**DATA SECTION:**
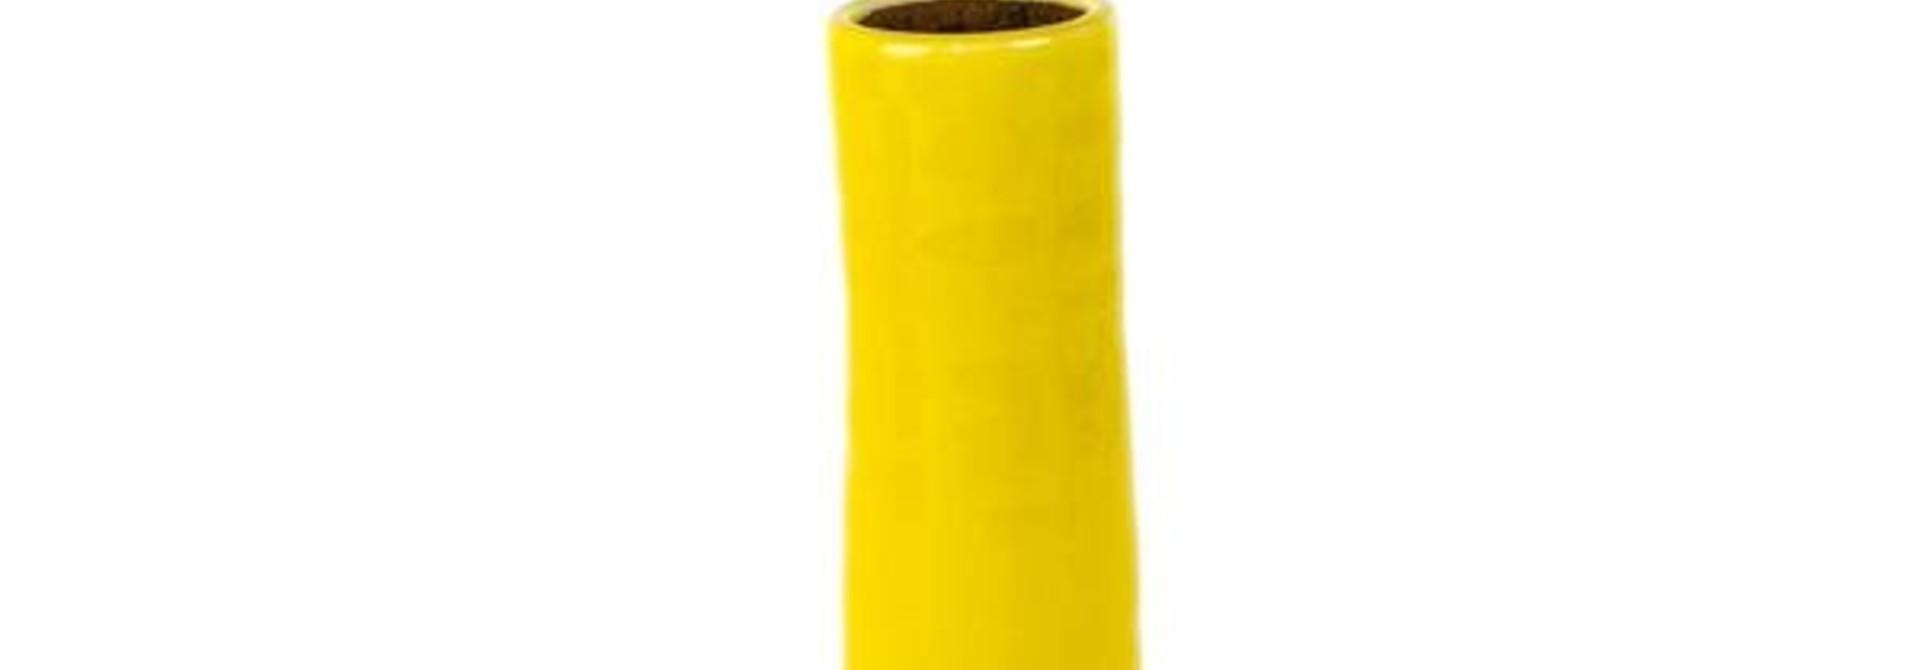 Vase -  Ma-To - Small - Citron
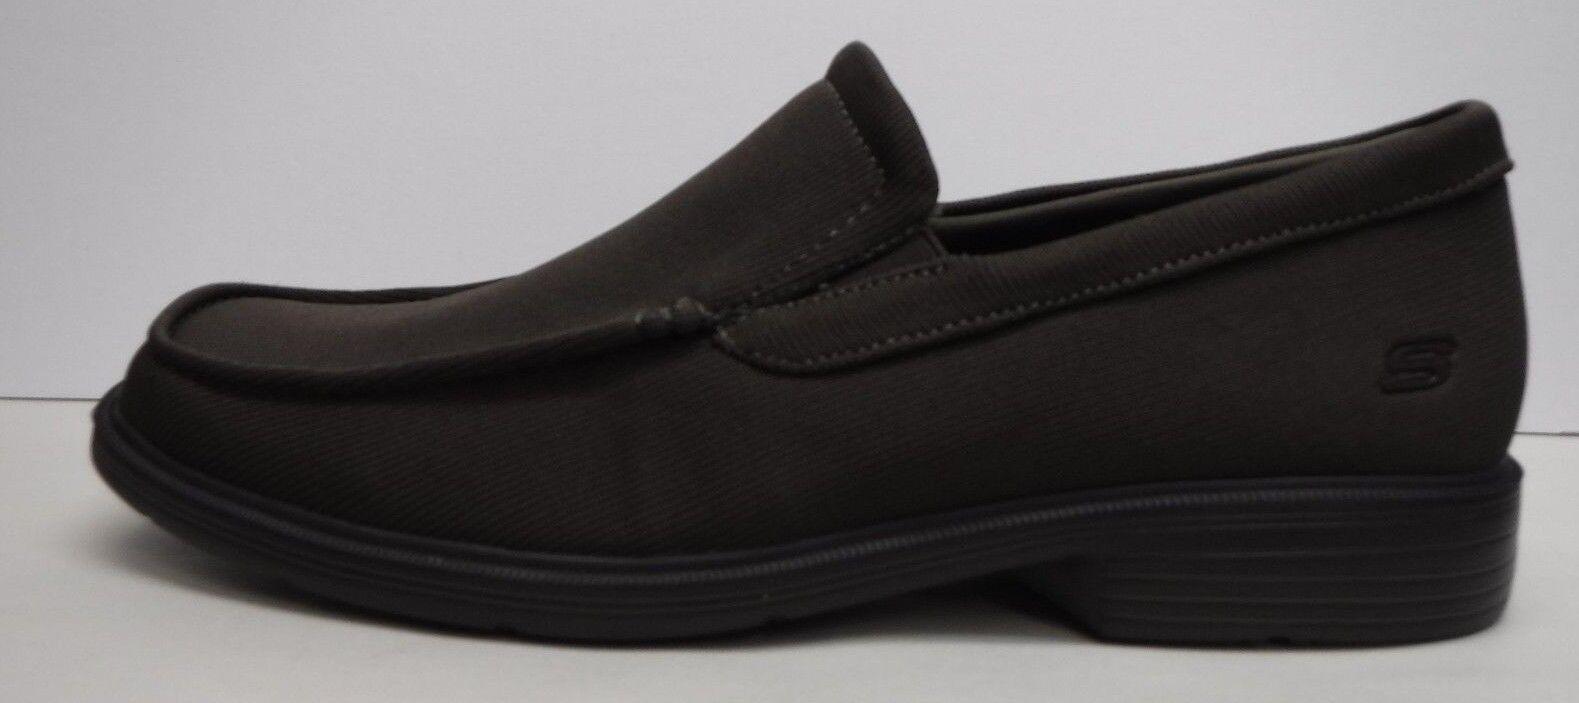 buy uitstekende kwaliteit de nieuwste Skechers Size 12 Brown Dress Knit Loafers New Mens Shoes
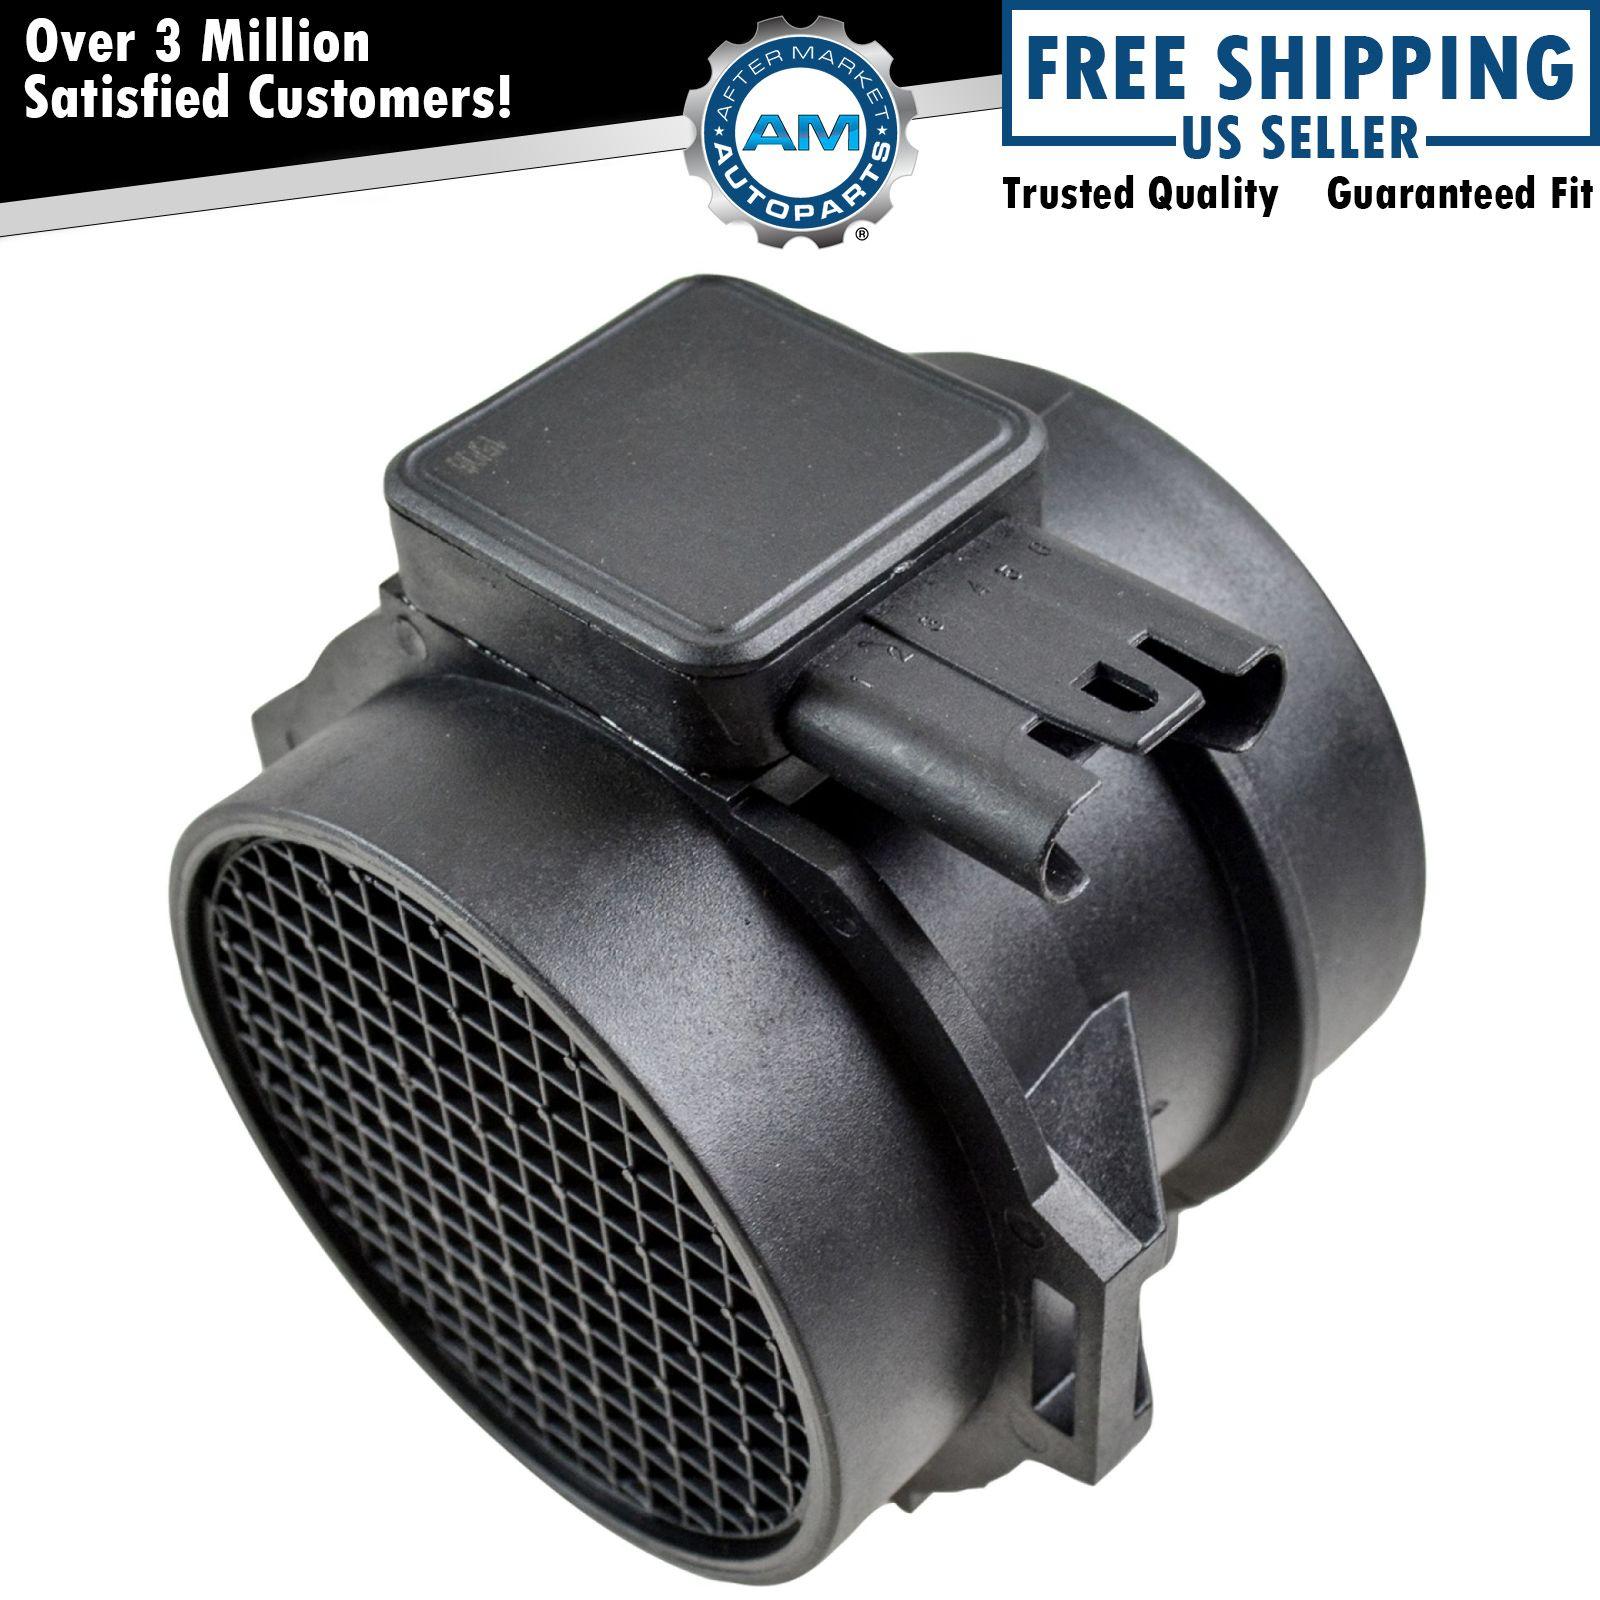 Mass Air Flow Meter Sensor W Housing For Bmw 325i 325ci X3

**ACTIVITY:** Retype all of the data above word for word, excluding the pictures.

**ANSWER SPACE:**
 Vase -  Ma-To - Small - Citron
 buy uitstekende kwaliteit de nieuwste Skechers Size 12 Brown Dress Knit Loafers New Mens Shoes
 Mass Air Flow Meter Sensor W Housing For Bmw 325i 325ci X3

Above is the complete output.